I’m not sure who I’ve told and who I haven’t, but when I was in middle school, I had an eating disorder.  I alternated between A and B, and as a result, I never had the omg-I-weigh-60-lbs freak out.  I was incredibly unhealthy and it took me over a year to confess this to my family.  My health was out of whack– physical and mental– and I had this obsession with the aspect of eating disorders that is my best friend and my worst enemy– CONTROL.  I had an answer for everything in order to stay thin– if I felt fat, I didn’t eat.  If I couldn’t control my hunger, I ate so much that I threw it all up anyway.

It  took me a couple of years, but I got some very effective treatment, and I haven’t defined myself as having A or B in a long, long time.  Problem is, now I have a new set of problems.

I spent so much time and mental energy learning to accept that my body needed food, and then I got carried away. Food became a comfort for me.  At first, I never associated any guilt with eating, regardless of how much I ate, because I felt like I was a superstar just for eating and keeping it down.  It took a few years, and that got out of hand.  Now, food is my response to stress, my response to general anguish, my response to anger.  It calms me down, and I feel like it’s ‘leftovers’ from my treatment back-in-the-day.

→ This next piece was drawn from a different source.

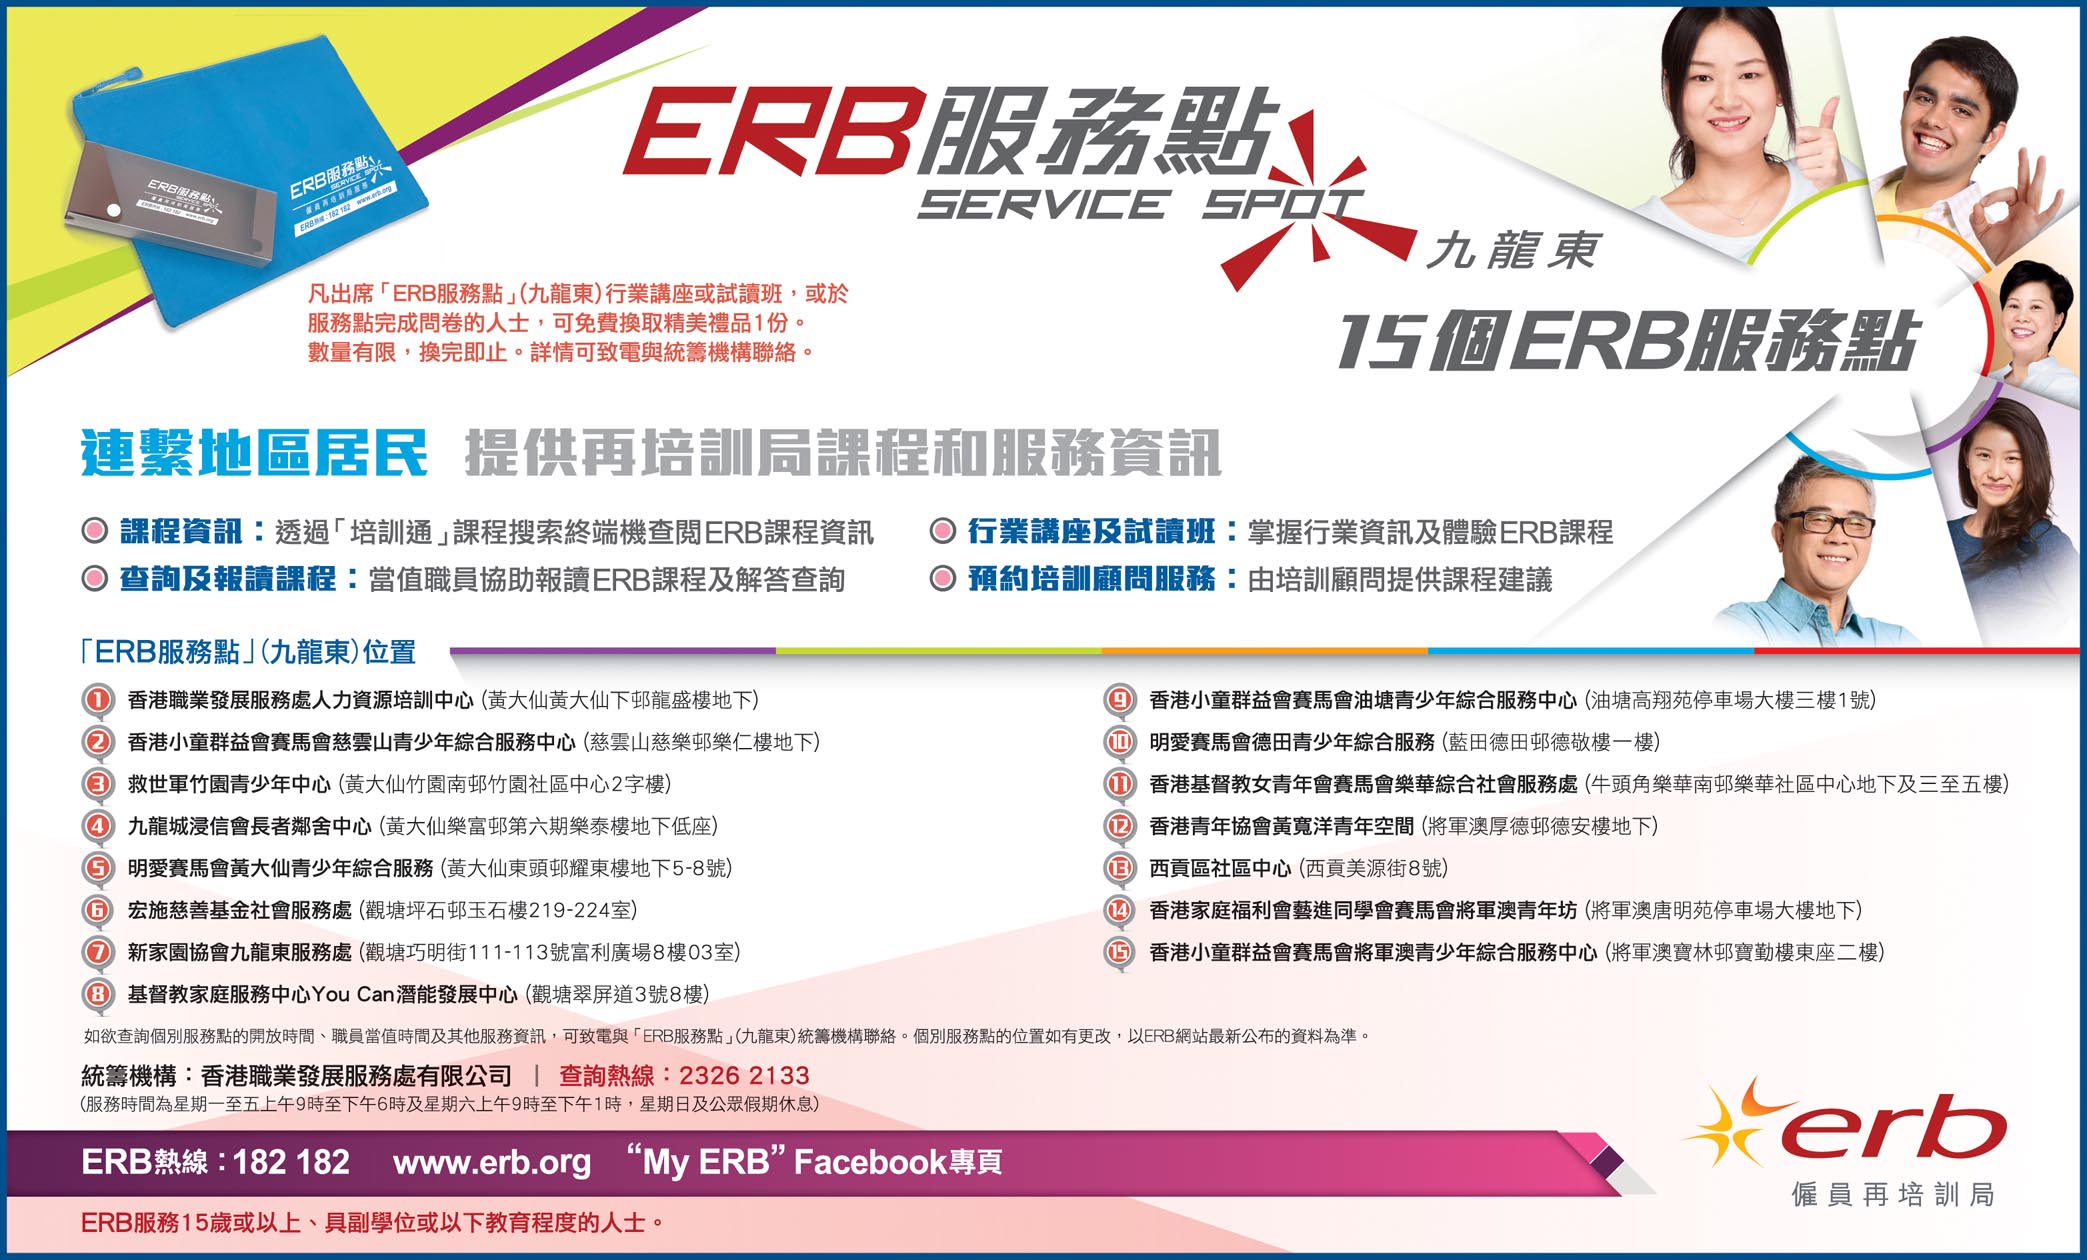 按此下载「ERB服务点」(九龙东) 报章广告图像版

I’m writing about binging because the other day, for the first time in several years, I actually considered purging my food after a stress-induced binge.  I didn’t do it, but the fact that it was even a consideration is scary.  I thought to myself– ‘you know, being thin and struggling with A and B might actually be preferable to feeling not-quite-thin-enough (I want to be 20 lbs lighter, that’s all– but it feels miles away) and binging in a way that keeps the pounds on…’

I don’t think that I’ll ever go back to A and B, thank Gd.   Still, I feel like I need to recognize the way that I deal with food now as a type of disordered eating– and DEAL WITH IT as I dealt with A and B– because it’s taking over my life.  Again.